Preheat your oven to 475F. In a large mixing bowl, combine the onions, ¼-cup flour, panko and salt and toss to combine. Grease a sheet pan with 1 tablespoon of olive oil and evenly distribute the onion mixture. Bake the onions in the middle of the oven until golden brown, tossing and turning the onions once or twice while they cook, about 30 minutes. Remove from the oven, set aside, and turn the oven down to 375F.
Bring a pot of salted water to a boil. Add the green beans and cook for about 5 minutes, just until al dente. Drain the cooking liquid and add cold water and a few pieces of ice to arrest the cooking. When very cool, drain again and set aside.
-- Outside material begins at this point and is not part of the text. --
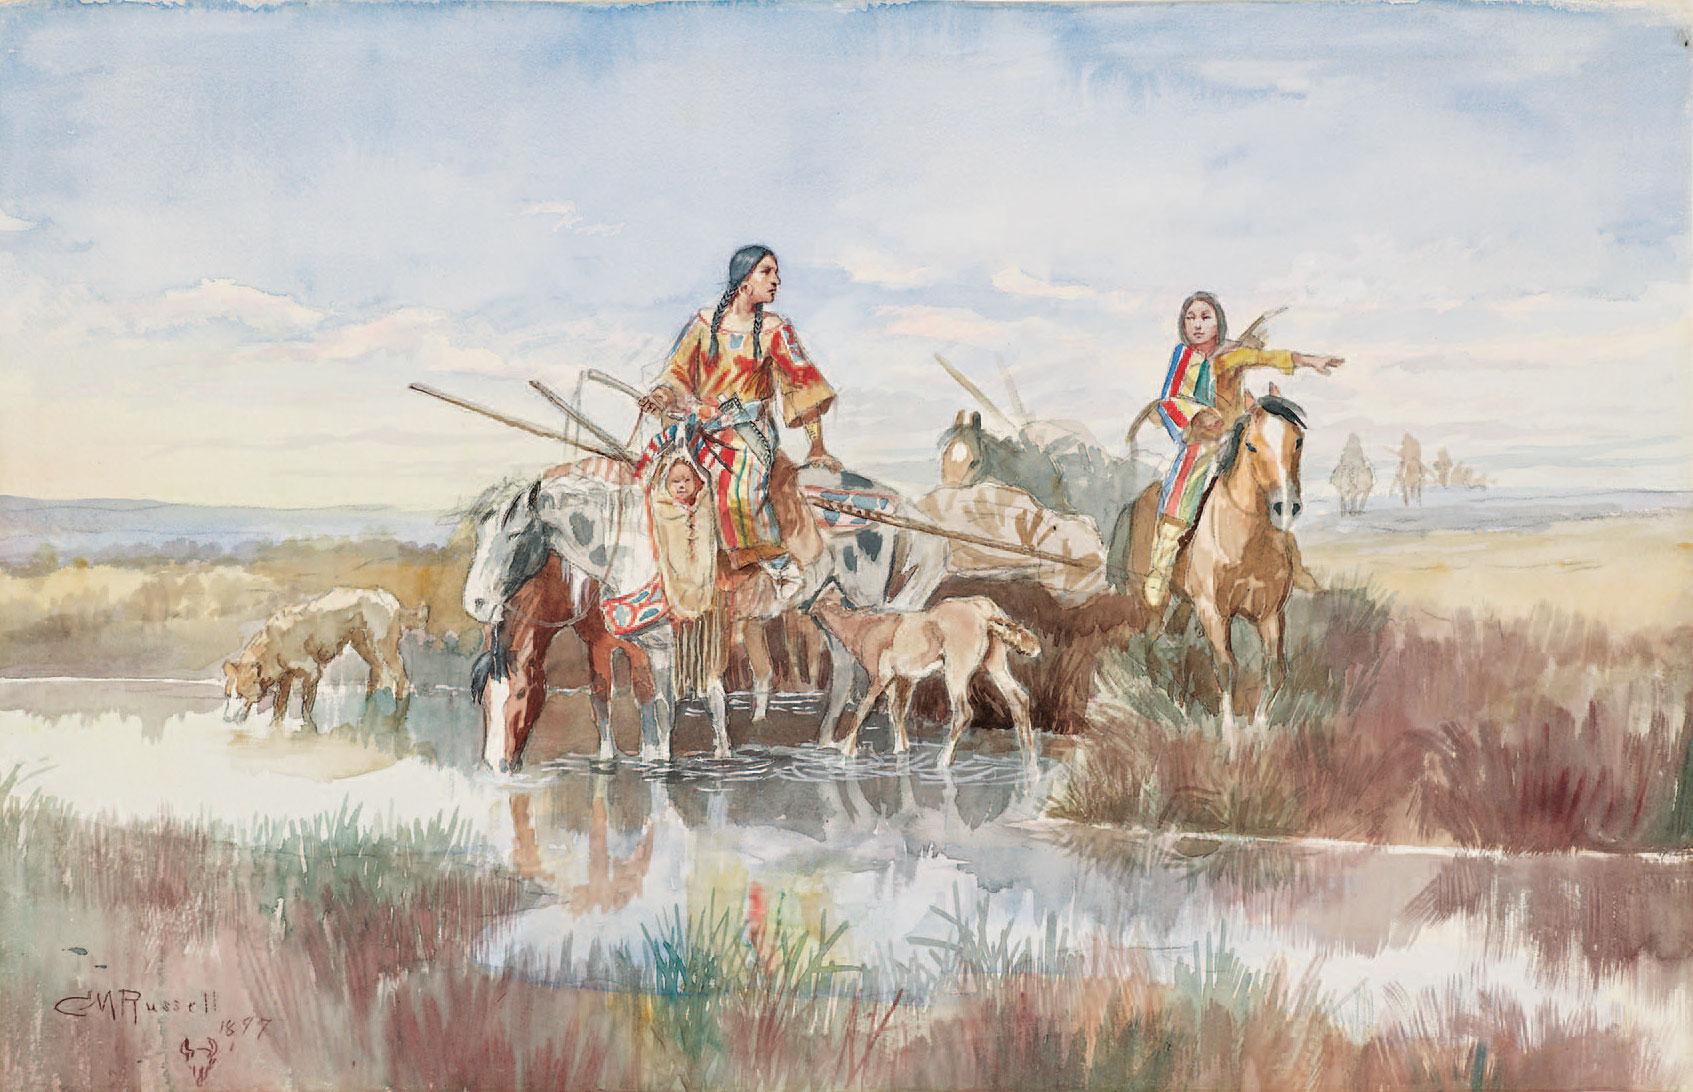 C Artist Russell Prints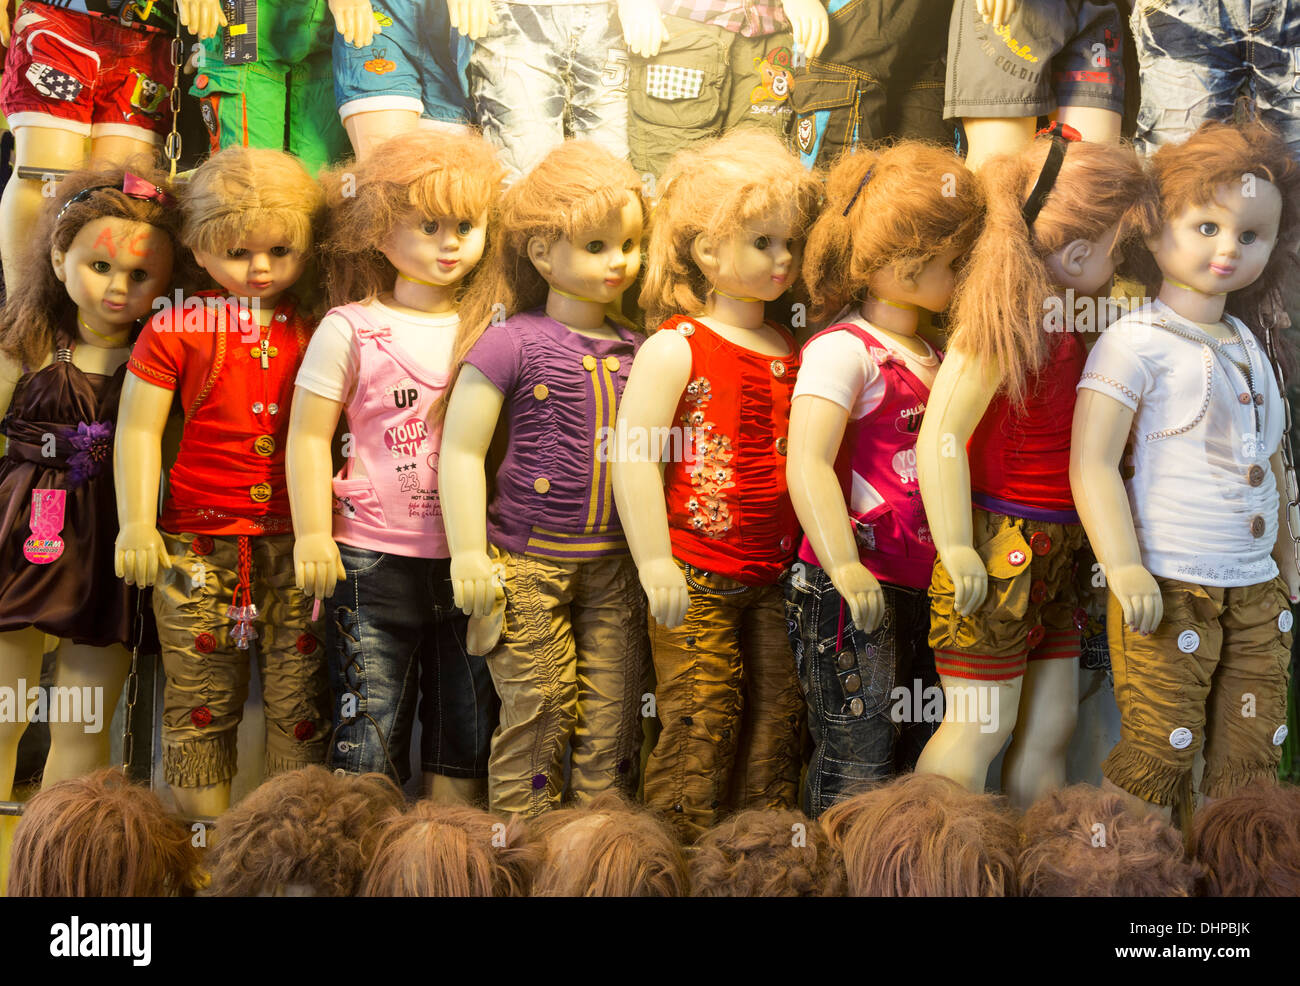 219a90a19e5c Persian Clothes Stock Photos   Persian Clothes Stock Images - Alamy

In a medium-sized fry pan over medium high heat, melt the butter and 1 tablespoon of olive oil. Add the mushrooms, season with salt and pepper, and cook until water from the mushrooms has evaporated. To the mushrooms, sprinkle 2 tablespoons of flour and cook, stirring constantly until some of the raw flour flavor has cooked off. Add the half-and-half in slowly, mixing constantly to avoid developing lumps of flour. Bring the mixture to a simmer, taste, and season with salt and pepper. Cook until the mixture thickens, about five minutes.
Off heat, stir in the ravioli and the green beans. Pour the mushroom-ravioli mixture into the prepared casserole dish. Top with crispy onions and bake until heated through and golden brown, about 15 to 20 minutes. Serve hot.